» **MATERIAL PROVIDED**

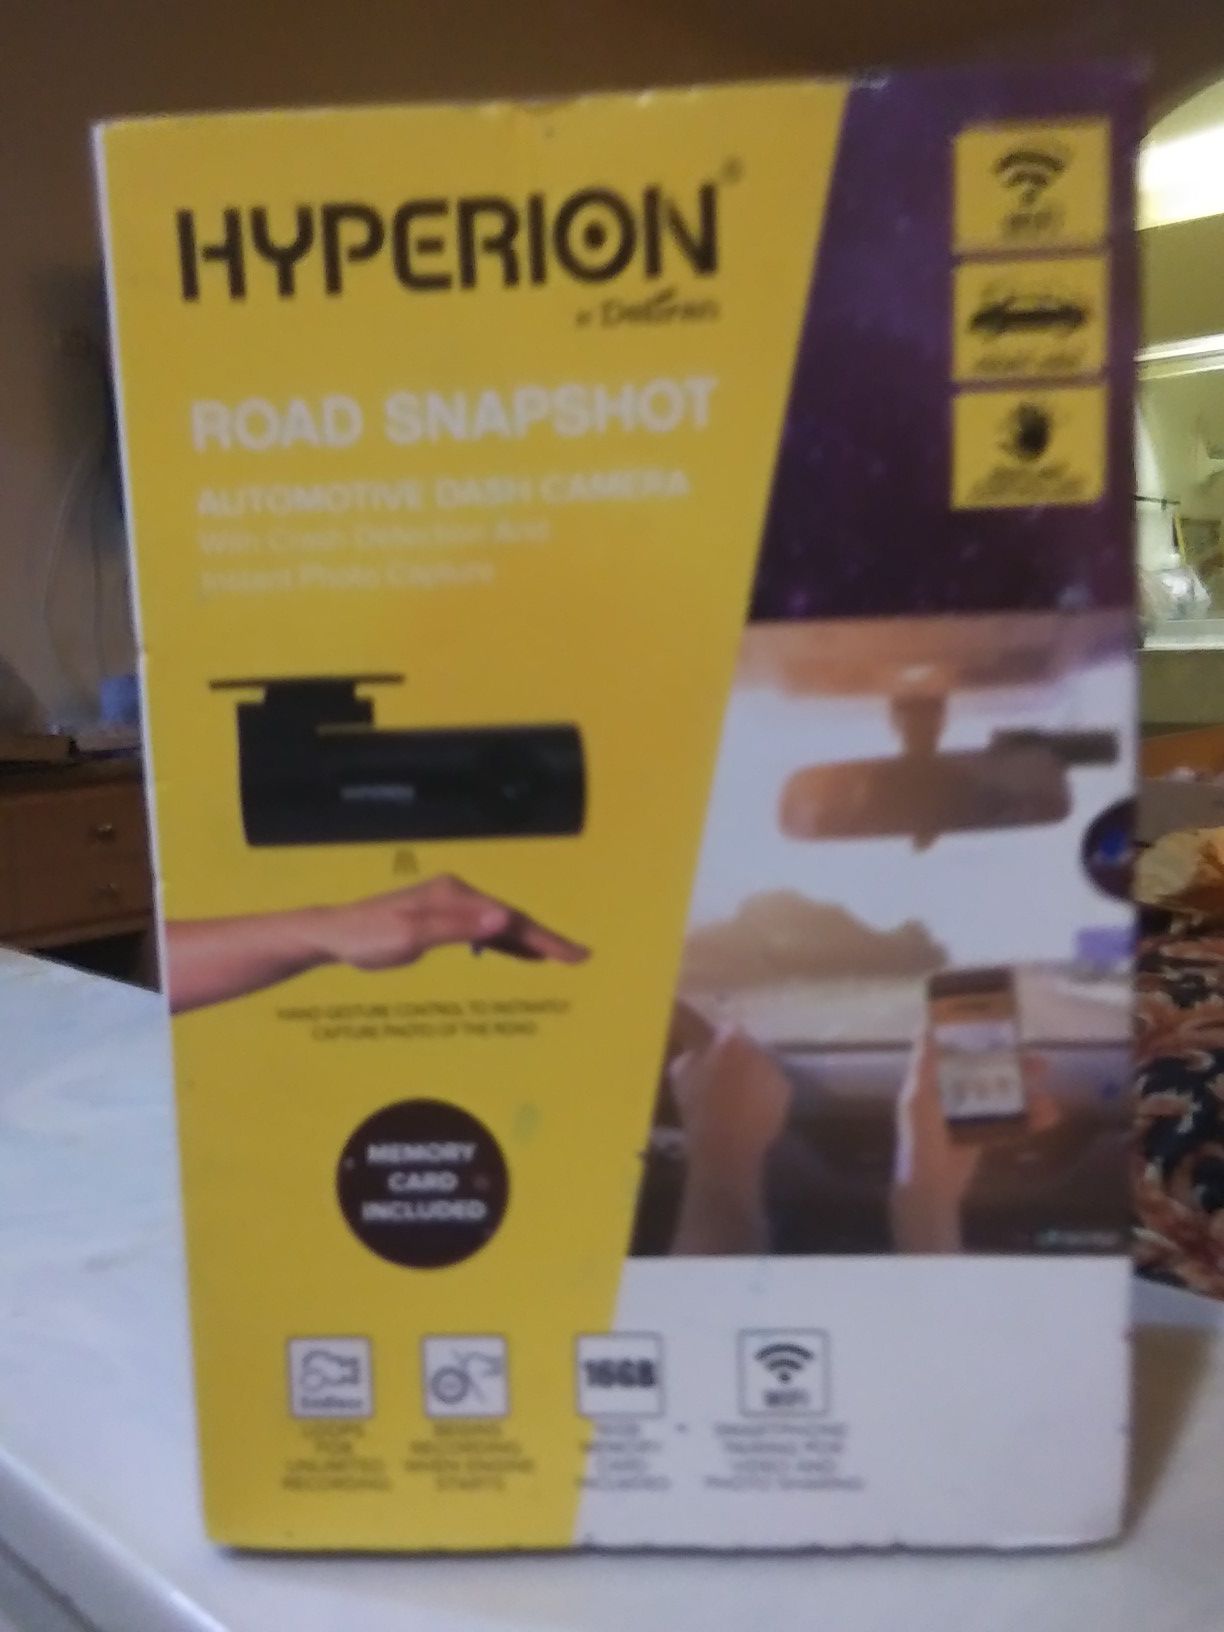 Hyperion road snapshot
---
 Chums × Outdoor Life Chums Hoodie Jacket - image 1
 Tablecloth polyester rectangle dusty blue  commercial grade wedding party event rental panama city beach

» **EXERCISE OBJECTIVE**
Would you print, exactly as written, every line above from the one holding "Chums × Outdoor" through the one holding "Tablecloth polyester rectangle", with both included and no other lines?

» **OUTPUT OF THE TASK**
 Chums × Outdoor Life Chums Hoodie Jacket - image 1
 Tablecloth polyester rectangle dusty blue  commercial grade wedding party event rental panama city beach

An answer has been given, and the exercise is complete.